YOUR OBJECTIVE - In the records below, reproduce exactly the lines from the one containing "LoadRunner logo" through the one containing "Samt-Sofa Moby (3-Sitzer)", both included, and omit the pictures.
BEGIN RECORDS SUPPLIED
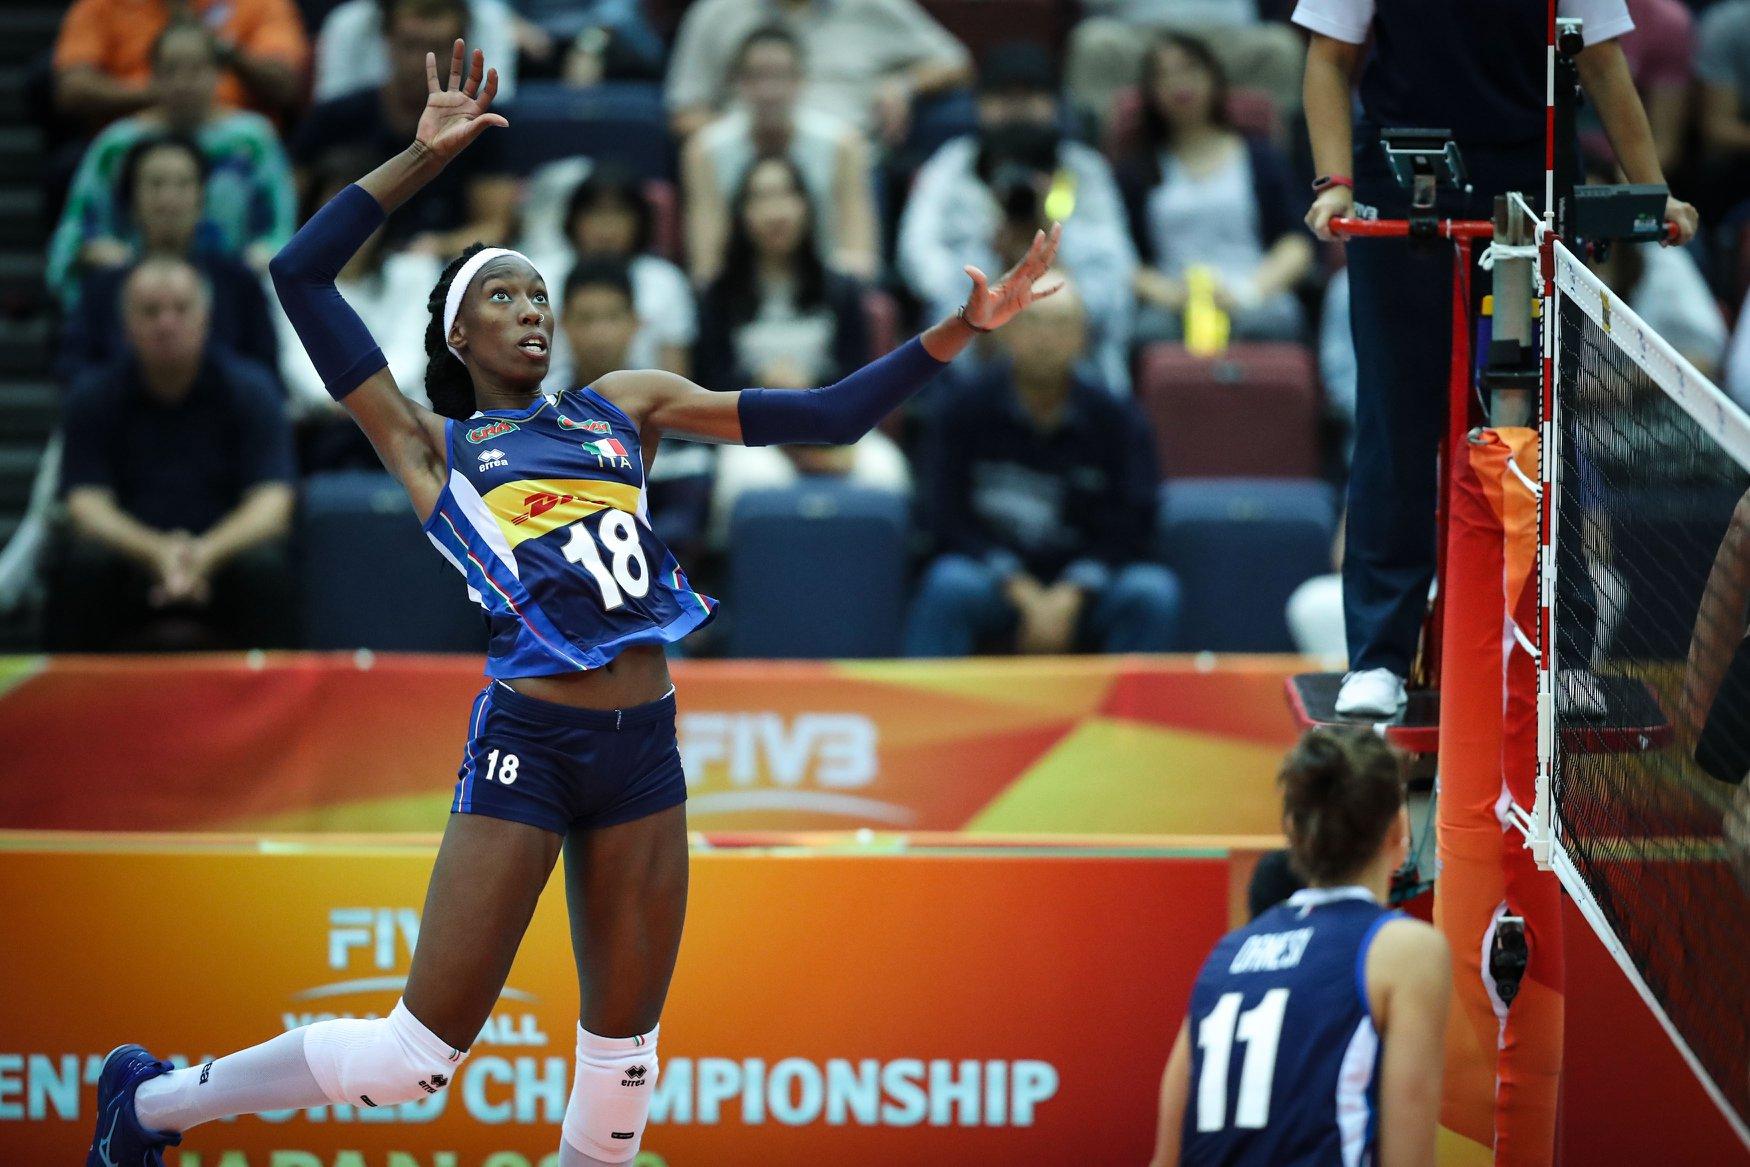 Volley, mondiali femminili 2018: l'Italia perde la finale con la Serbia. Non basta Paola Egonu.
END RECORDS SUPPLIED
BEGIN RECORDS SUPPLIED
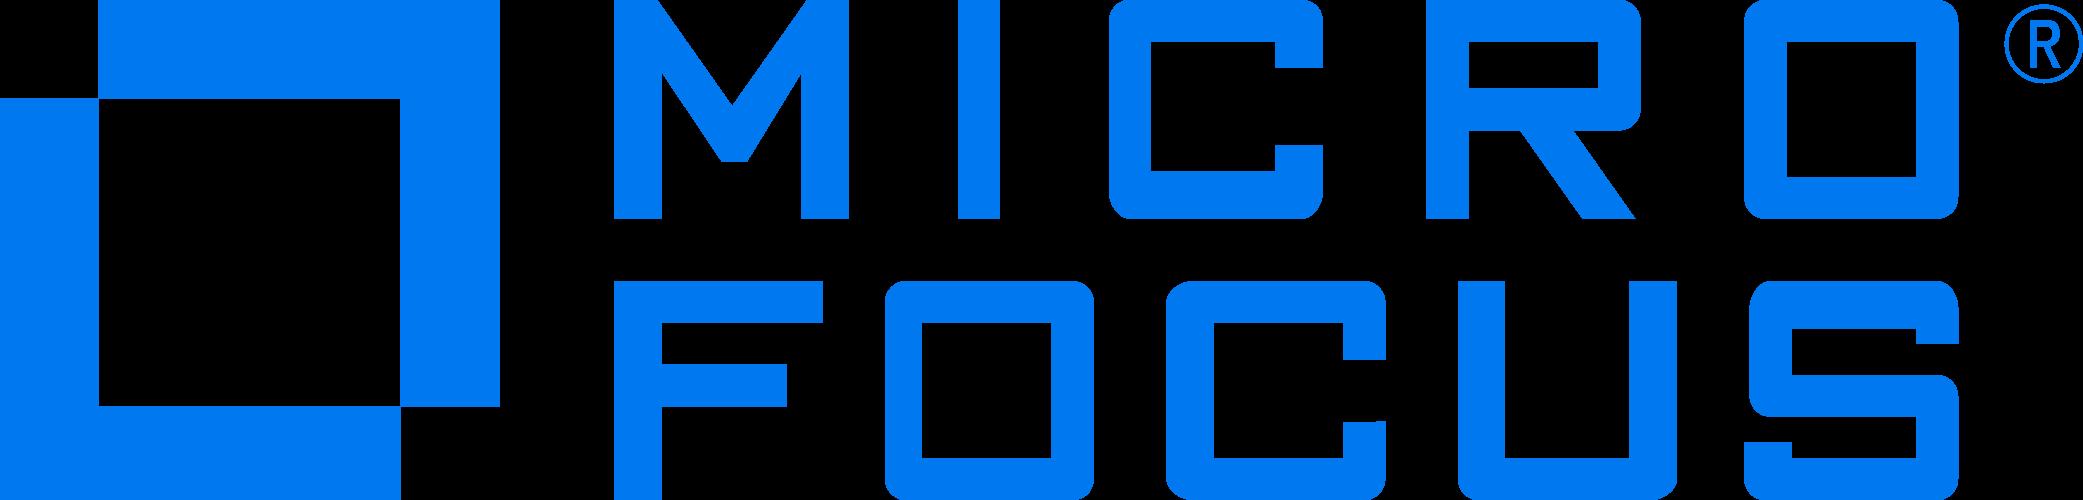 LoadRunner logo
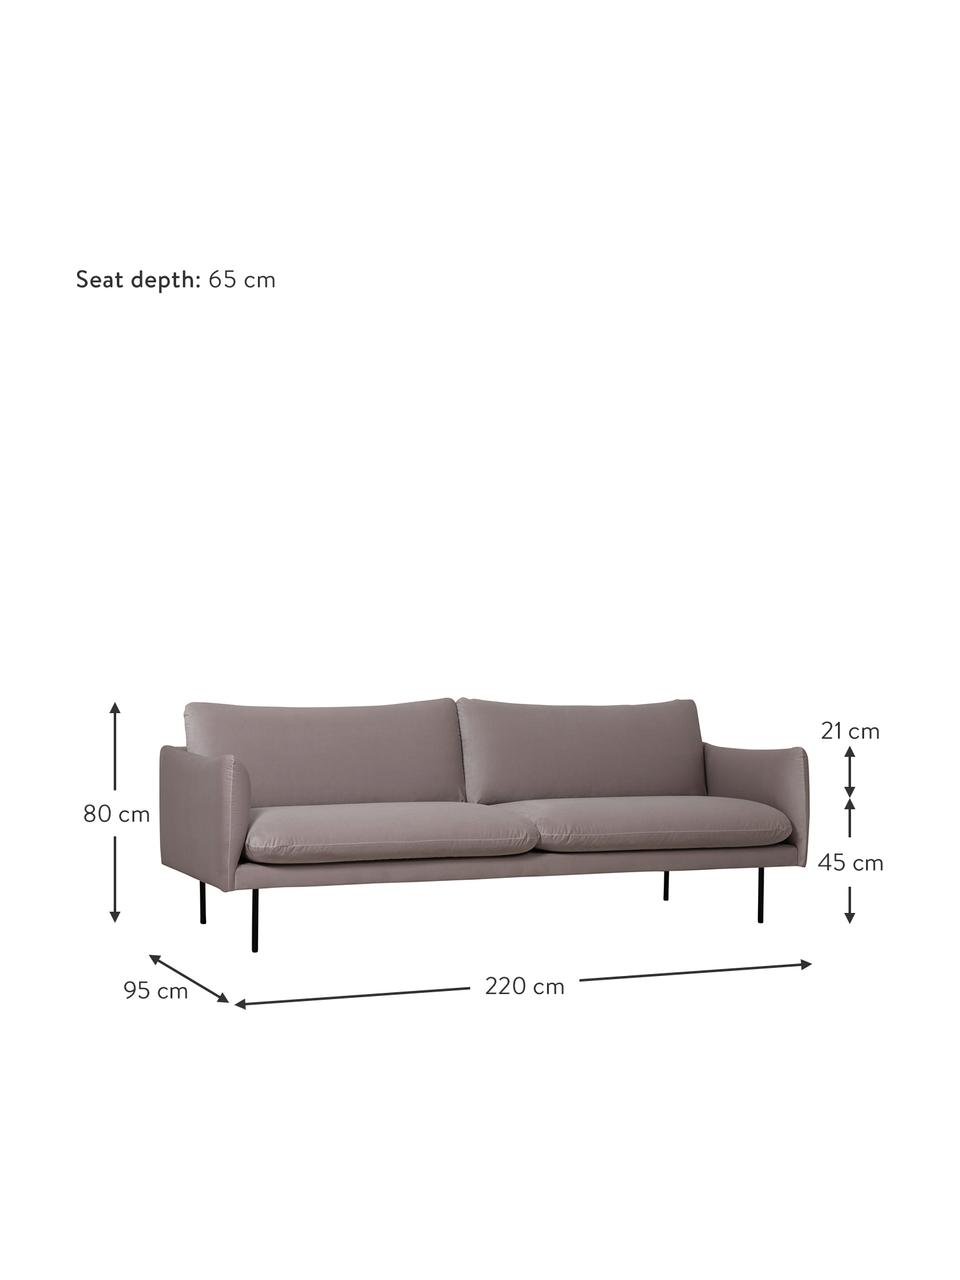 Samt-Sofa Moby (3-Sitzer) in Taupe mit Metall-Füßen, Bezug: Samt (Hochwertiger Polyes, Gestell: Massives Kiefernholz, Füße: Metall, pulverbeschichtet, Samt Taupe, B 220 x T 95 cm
END RECORDS SUPPLIED
SOLUTION TO THE EXERCISE -
 LoadRunner logo
 Samt-Sofa Moby (3-Sitzer) in Taupe mit Metall-Füßen, Bezug: Samt (Hochwertiger Polyes, Gestell: Massives Kiefernholz, Füße: Metall, pulverbeschichtet, Samt Taupe, B 220 x T 95 cm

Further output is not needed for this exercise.